Despite cost cutting measures that included curbs on creation of new posts, the Centre estimates its staff strength to have jumped up by nearly 7 per cent to over 35 lakh in the current financial year.
According to the Interim Budget FY15, the Centre employs 35,45,988 workers in FY14 that is 6.87 per cent more than the 33,17,853 workers in FY13.
Budget documents reveal that this one of the sharpest increases in the number of Central government employees in a fiscal year. For instance, for FY15, the staff strength is estimated at 35,98,920 while for FY12, it was pegged at 34,50,217. Prior to this, the Centre’s workforce shot up by 7.8 per cent in FY11 to an estimated 34,00537 from 31,52,936 in the last fiscal.
Though the staff strength of one of the country’s largest employers — the Indian Railways has remained constant at 13.07 lakh for the last two years, ministries such as home affairs, departments of posts, revenue and atomic energy are estimated to have hired more than 20,000 workers in FY14.
While staff strength of the police under the ministry of home affairs is estimated to have increased by over 77,000 in 2013-14 while that of the department of revenue jumped by over 60,000.
Government officials point out that these numbers are estimates and recruitment is done on the basis of actual requirements of the department or ministry concerned. Accordingly, the Centre’s salary bill is estimated to have risen by over 13 per cent to Rs 12,48,61.14 crore in FY14 as against Rs 11,0428.43 crore in the previous fiscal. In FY15, the Budget estimates it to rise by 9.99 per cent.
However, the Centre’s pension bill, which includes both civilian and defence pensions, has been rising faster than its salary expenditure. Budget documents also reveals that pension payments are estimated at Rs 80,983 crore in FY15, increasing by 9.3 per cent of the pension bill of Rs 74,076 crore in the current fiscal.

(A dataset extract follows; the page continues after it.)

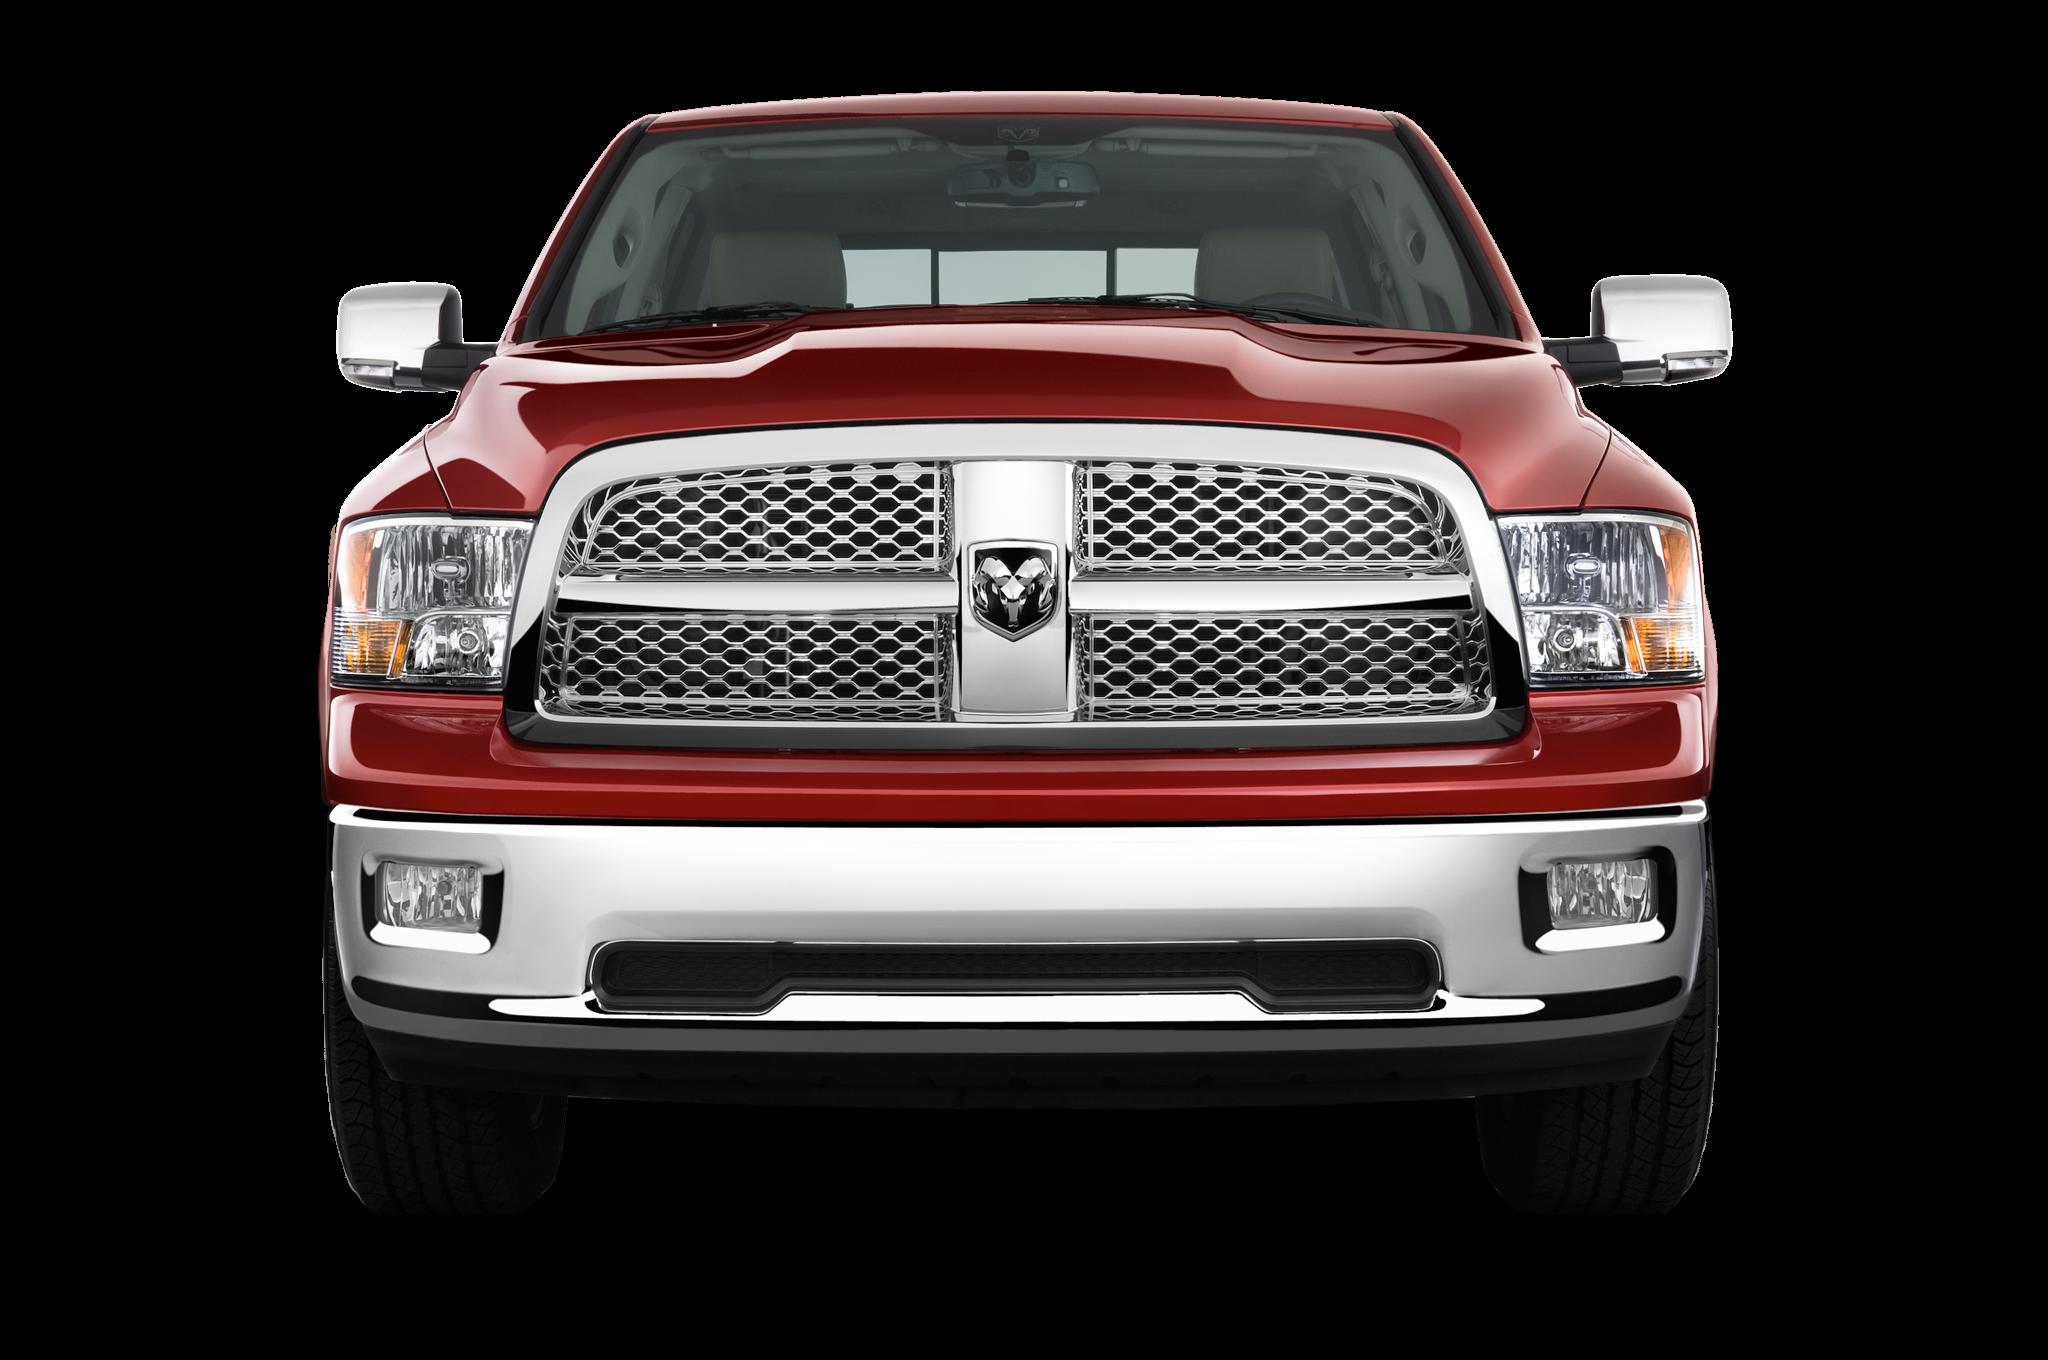 Dodge Ram 1500 Pickup Express Quad Cab 2012 International Price Prices Specs
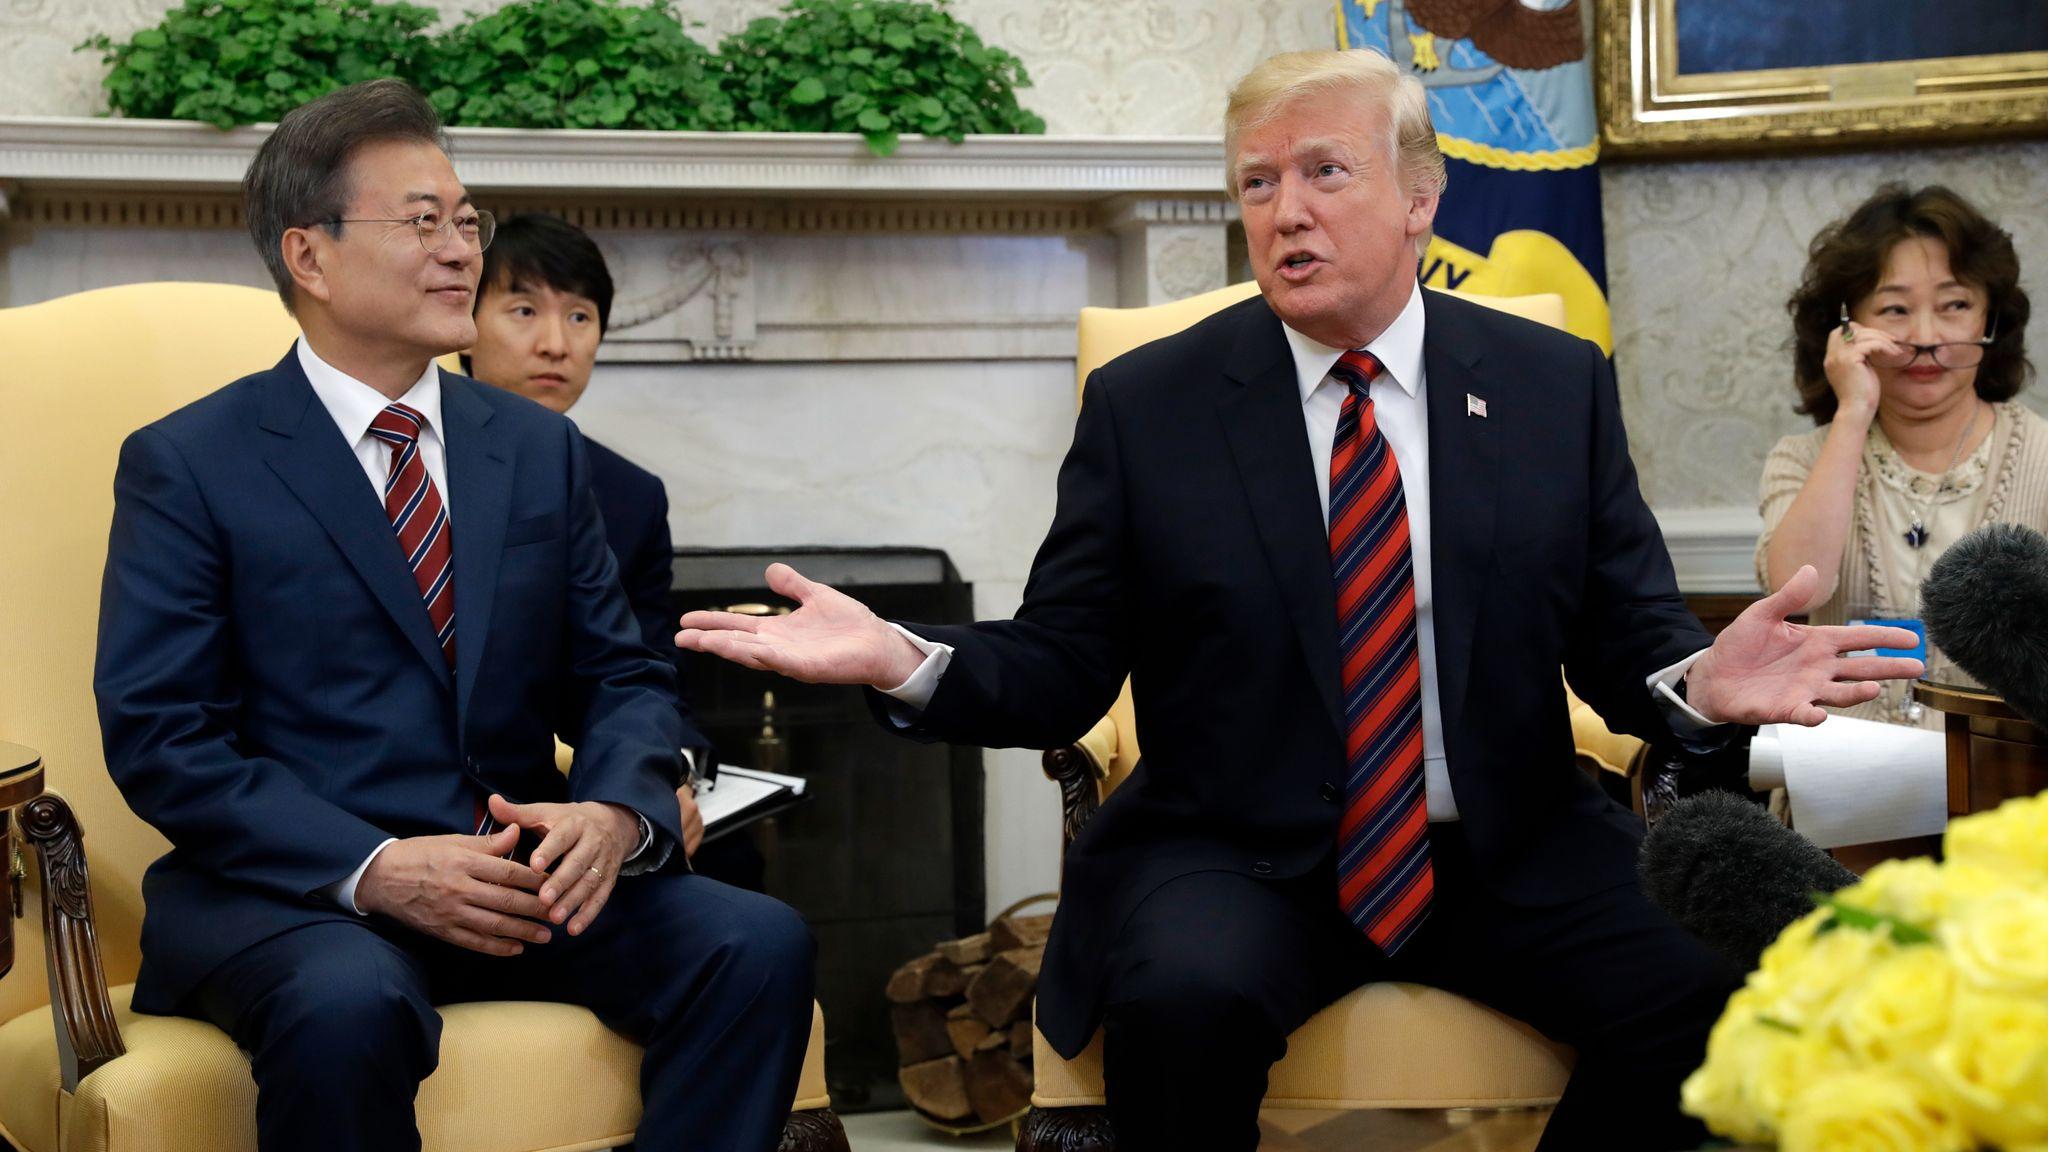 65fe7ceff Trump: Toppmøtet med Kim Jong-un kan bli utsatt - Stavanger Aftenblad

“The main reason for this is that there is an increase in number of pensioners due to higher retirements and increased directly transfer government benefits into Aadhaar-linked bank accounts of beneficiaries using the UID platform,” according to Budget documents. While higher salary and pension payments is one of the factors behind the 8.3 per cent rise in non-plan spending in the Budget estimate for FY15 compared to the revised estimate for FY14, government expenditure on these heads is set to rise further. The Seventh Pay Commission will submit its report in 19 months and its recommendations will be effective from January 2016.